Sunrise Organic Farms
Every farmer strives to find a
good value to their crops.
Back in 2015, three longtime Santa Barbara-area organic farmers banded together to form Sunrise Organic Farm, a diversified veg and fruit operation specializing in heirloom and other unique varieties.
President and Head Farmer Jesus Salas has been growing organically in Santa Barbara County since the eighties, a time when the organic movement was just starting to gain traction in the region.
“What’s so cool about Santa Barbara is that that entire community, the reason why so many organic farms are in that hub as opposed to let’s say closer to the border down in San Diego, is because you had that like-minded group of guys back in the eighties who were like, ‘Hey, let’s farm and let’s do it the right way,’” said Samantha Watson, who heads up Sunrise’s brand development and sales.
The founding trio started with a 12-acre plot in Carpinteria, a small town in southern Santa Barbara County, and decided to focus on farming artisanal produce varieties as a means of differentiation.

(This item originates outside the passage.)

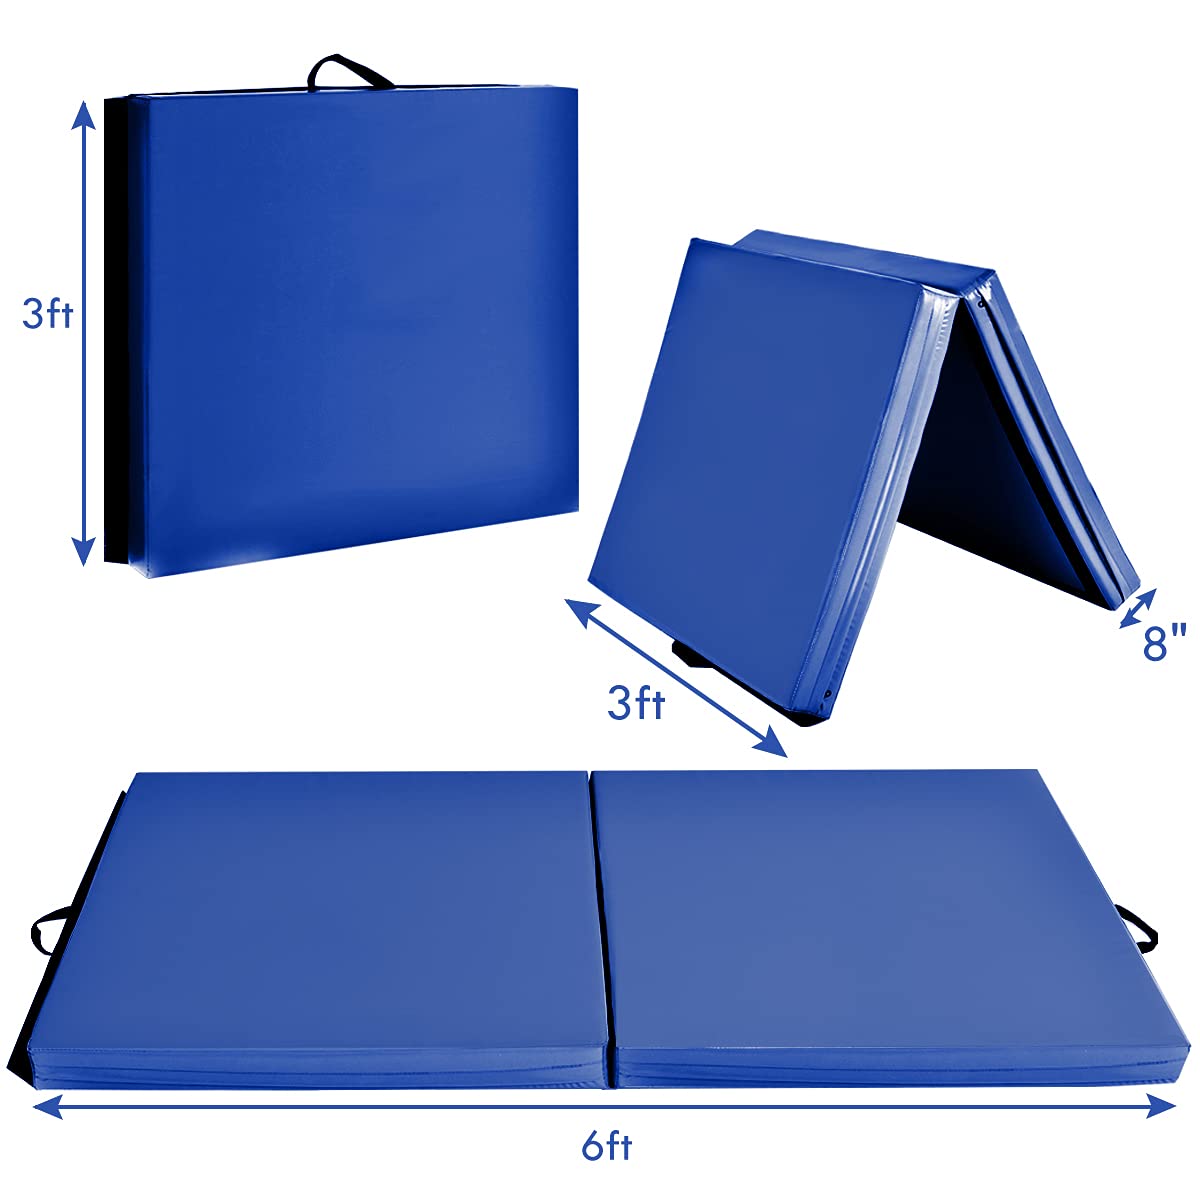 Giantex 6'x 2' Folding Gymnastics Mat, Exercise Mat w/ Carrying Handles, Small Size

“We very quickly realized, okay, we’re gonna have to grow some other things people don’t have to get people’s attention,” said Watson. “And that was the greatest blessing because we ended up finding all of these commodities that nobody else had ever heard of or was growing. And they were way better than anything we’d had before—way more unique, way more flavorful. And now we’re actively always trying to find new things because it’s what sets us apart.”
Today, Sunrise farms 240 acres throughout Santa Barbara County and offers more than 270 varieties of produce. Popular items include Nantes carrots, rainbow carrots, strawberries, an array of tomatoes and peppers, many kinds of melons, cucumbers, and a multitude of squashes. Sunrise also offers a full range of greens and head lettuce.
Watson said that Sunrise frequently gets feedback from consumers who share that tasting its heirloom produce is like trying a commodity for the first time. “It’s that reaction of, ‘Oh wow, I’ve never had a carrot before now or I’ve never had a strawberry before!”
She said that in addition to great flavor, Sunrise’s produce also has exceptional nutritional content. “We had some of our carrots tested not that long ago, and we were off the charts in terms of vitamin content per milligram as opposed to what’s conventional in the grocery stores.”
“Our goal is to provide small-farm, organic, quality produce on a large scale,” Watson said. “It’s very, very, very difficult to achieve—and many would say insane.”
In order to rapidly grow their business, the Sunrise founders have continued to invest all their profits back into the operation, enabling them to lease more land, purchase valuable equipment, and expand their team.
“We could have stayed at 50 acres and done four farmers markets a week and called it a day,” said Watson. “But the intention was to feed as many people as possible high-quality produce—and you’re gonna have to be a lot bigger than 50 acres to do that.”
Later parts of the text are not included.